_Source material_:
# # #
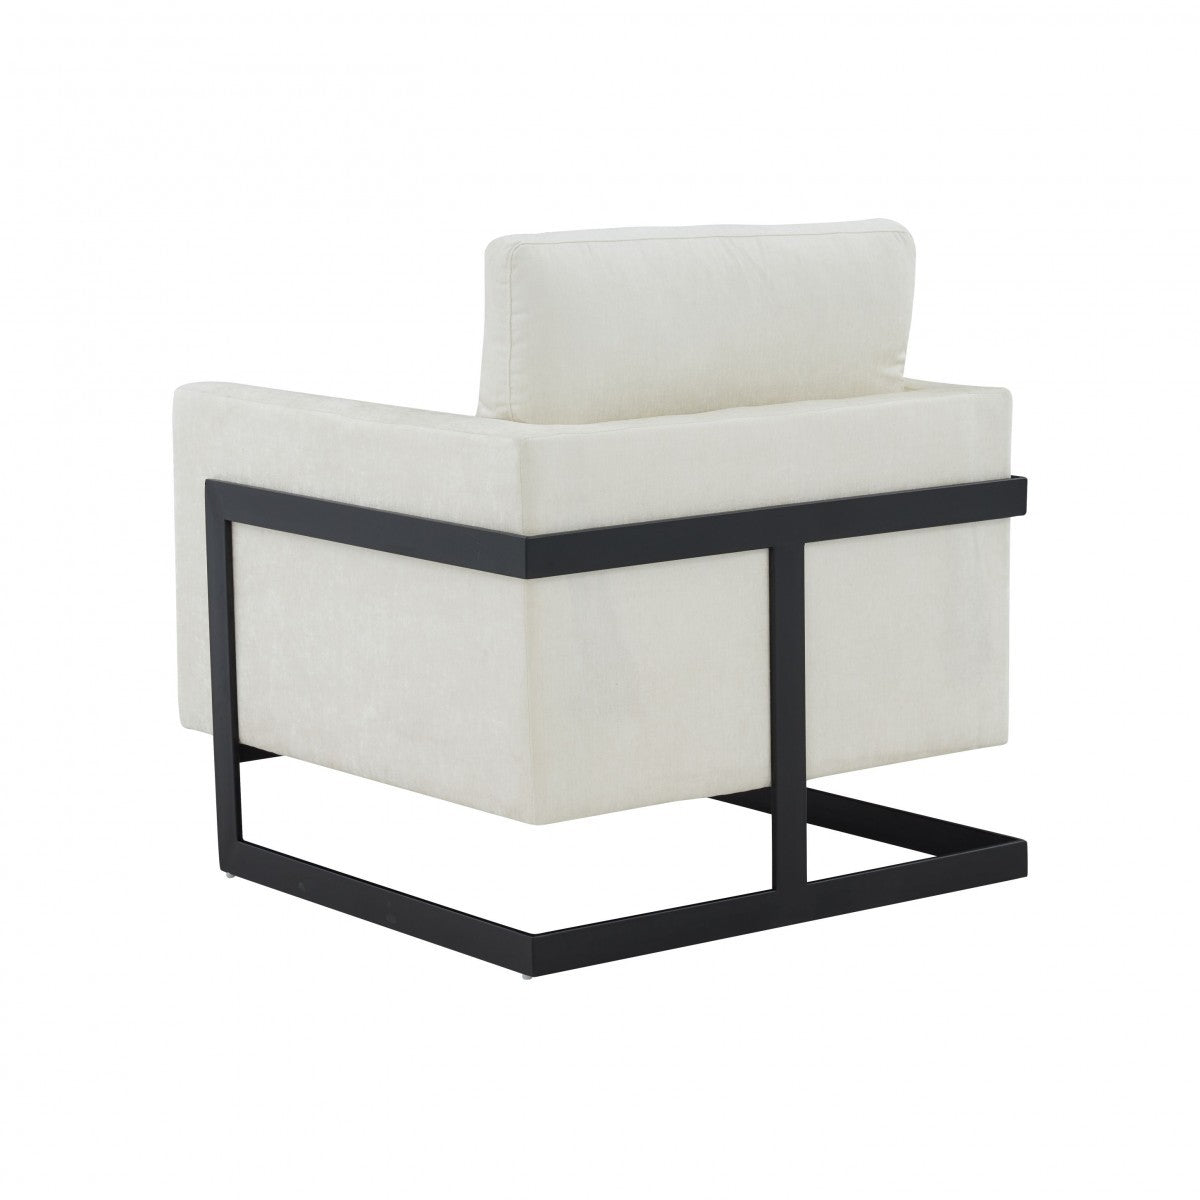 31" Cream And Black Fabric Club Chair
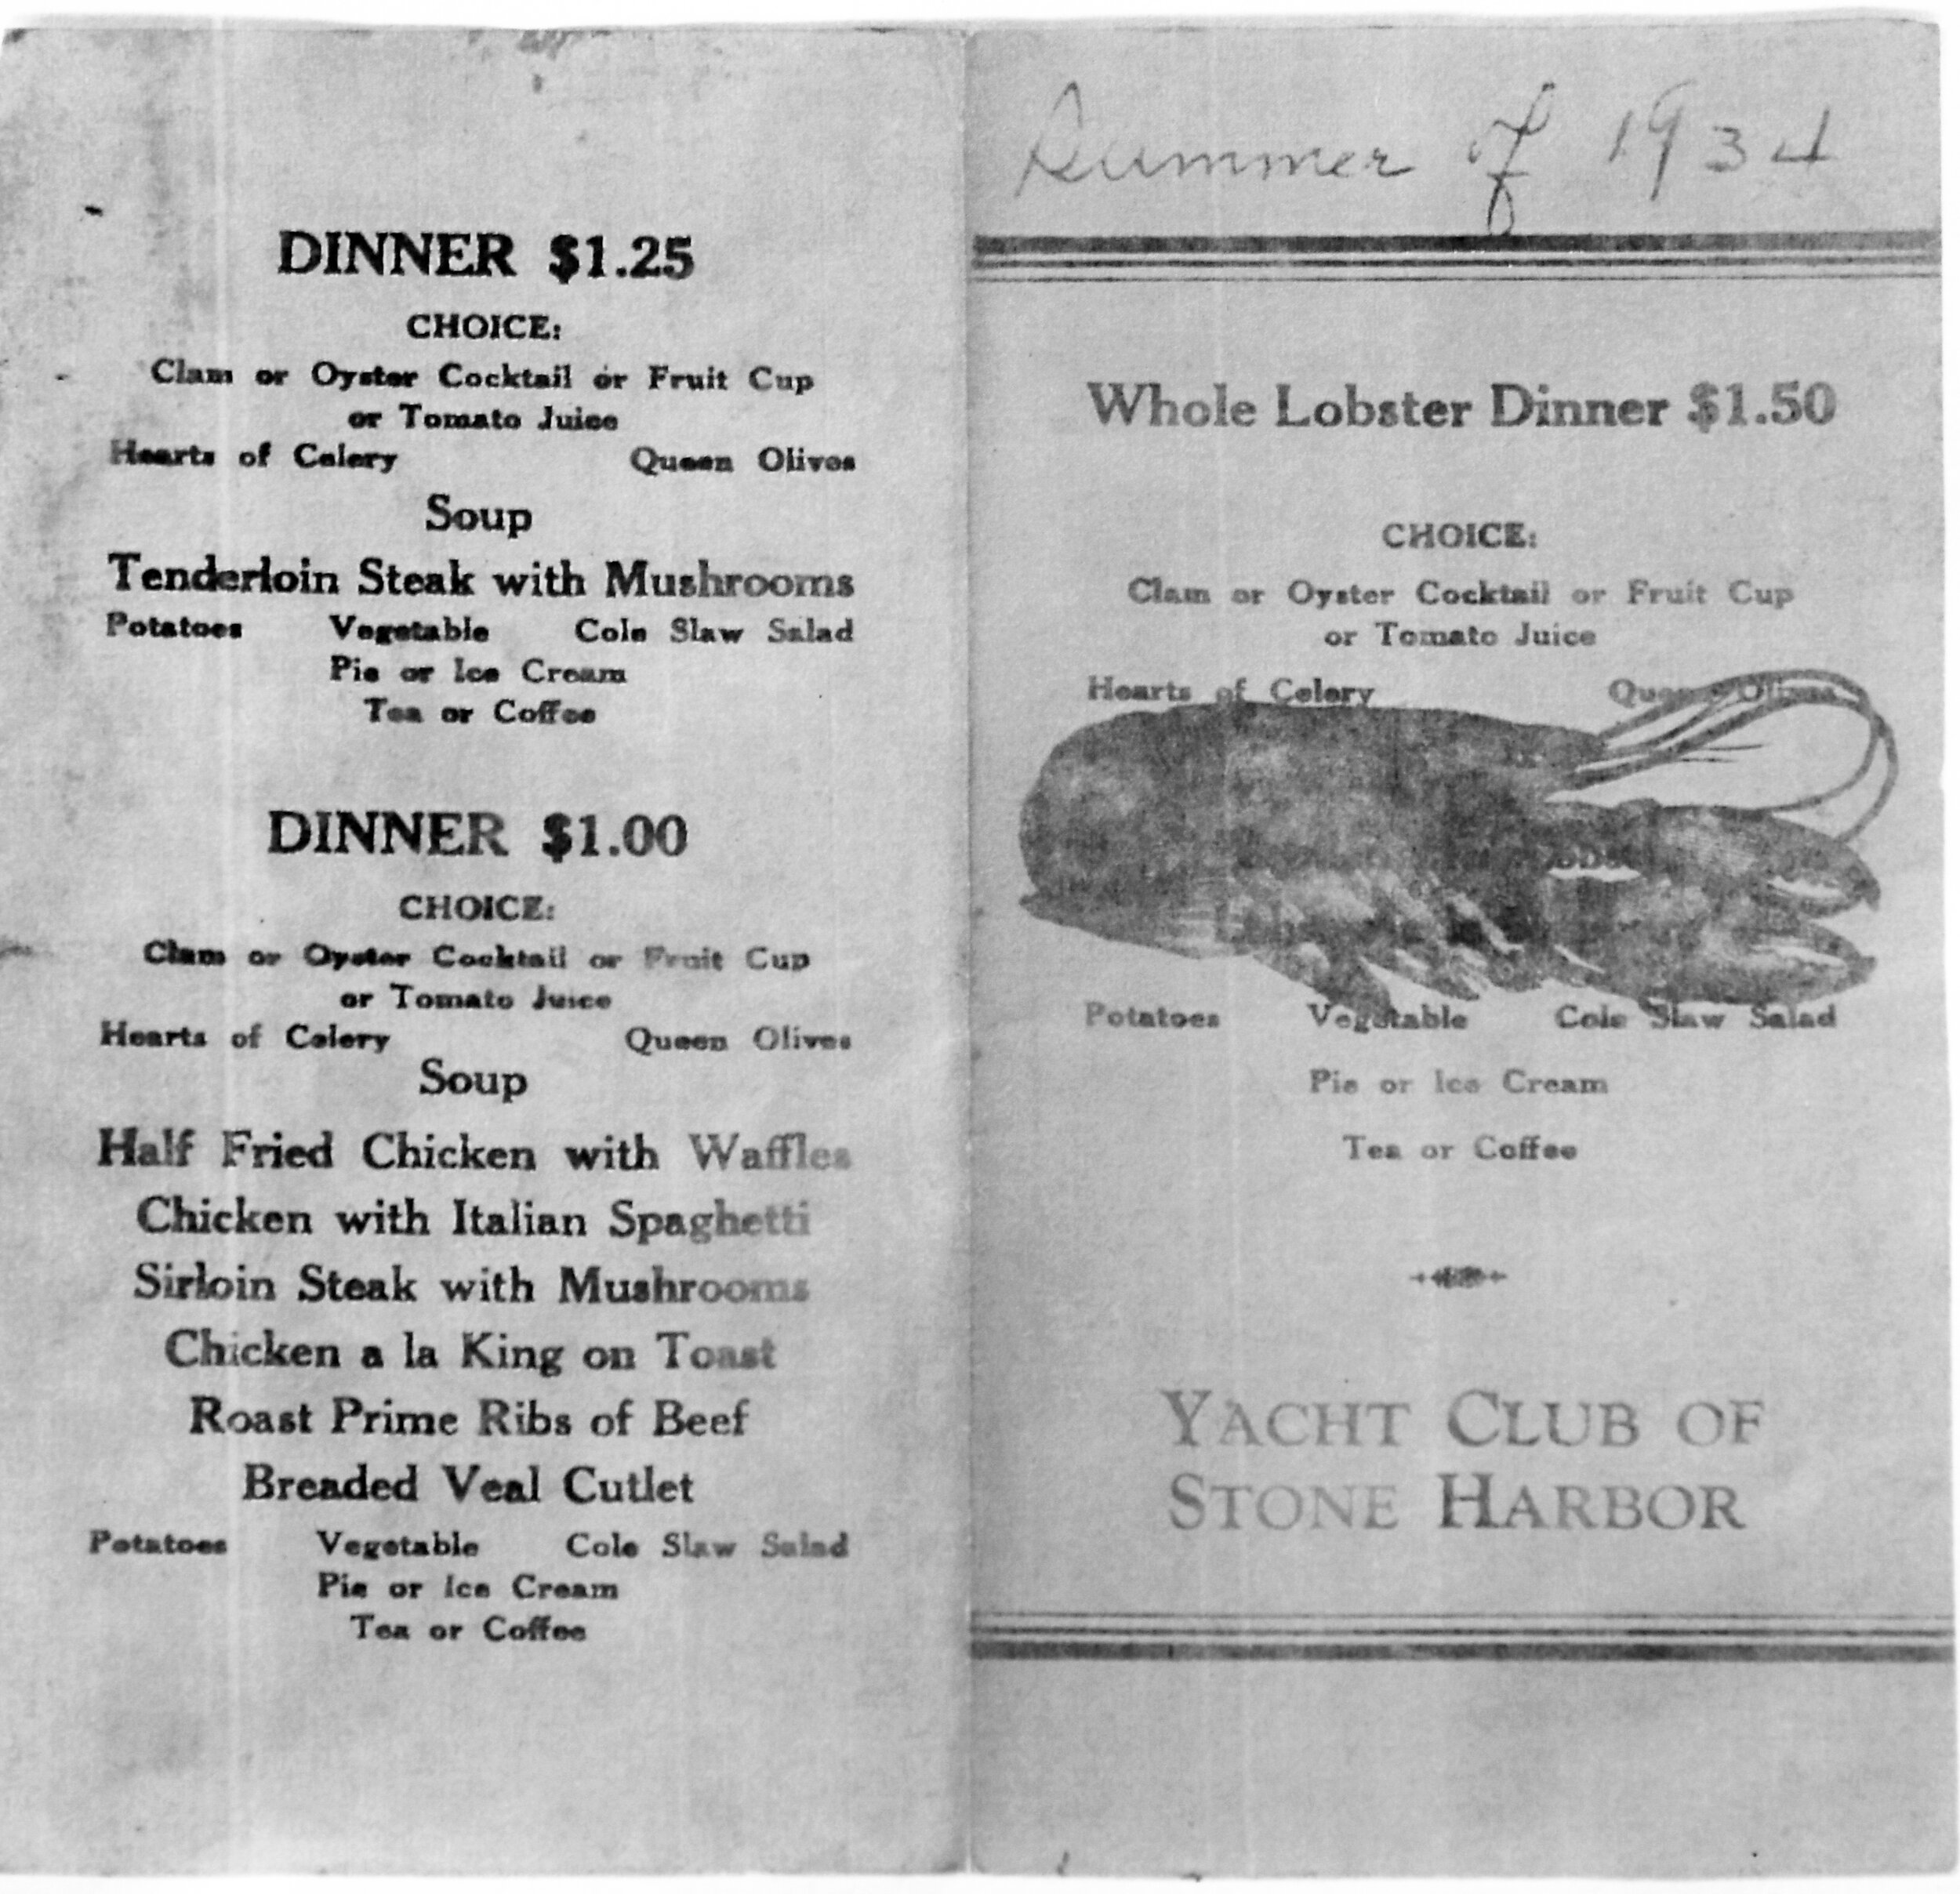 stone harbor yacht club menu with prices
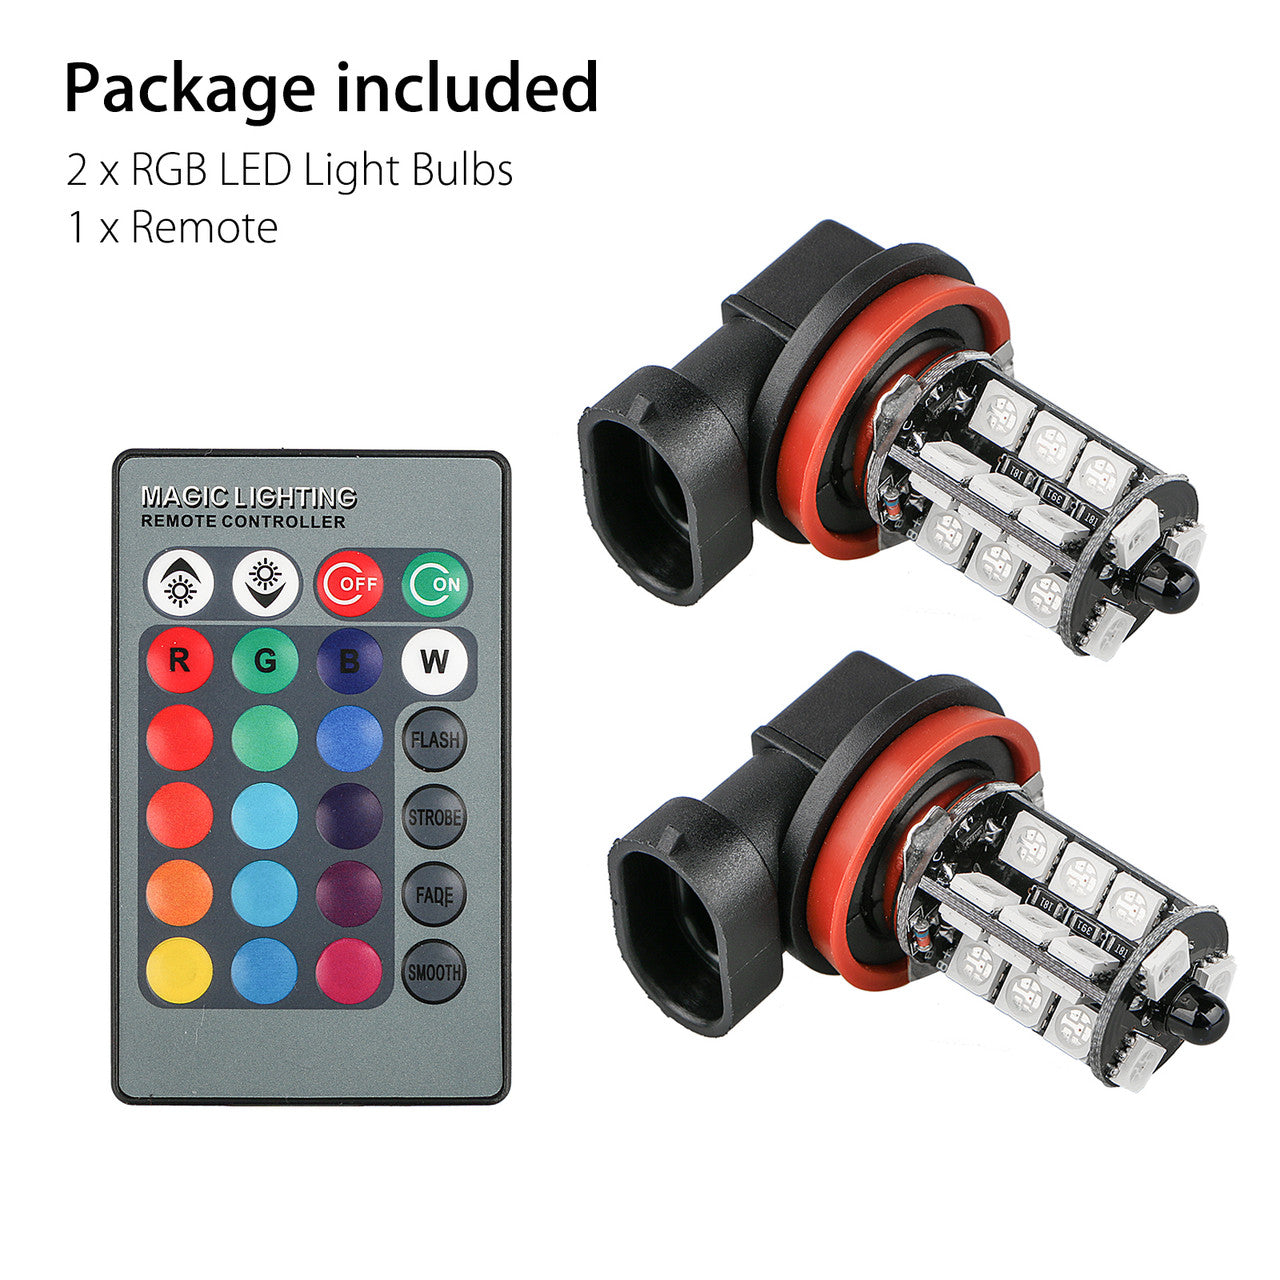 2PCS H8/H11 RGB Multi-Color Changing Brightness Modes Adjustment LED Car Safe Driving Headlight Fog Light Lamp Bulbs with Remote Control
# # #
_Task directions_: Would you print all of the material exactly as written, minus the pictures?

_Solution for this problem_:
 31" Cream And Black Fabric Club Chair
 stone harbor yacht club menu with prices
 2PCS H8/H11 RGB Multi-Color Changing Brightness Modes Adjustment LED Car Safe Driving Headlight Fog Light Lamp Bulbs with Remote Control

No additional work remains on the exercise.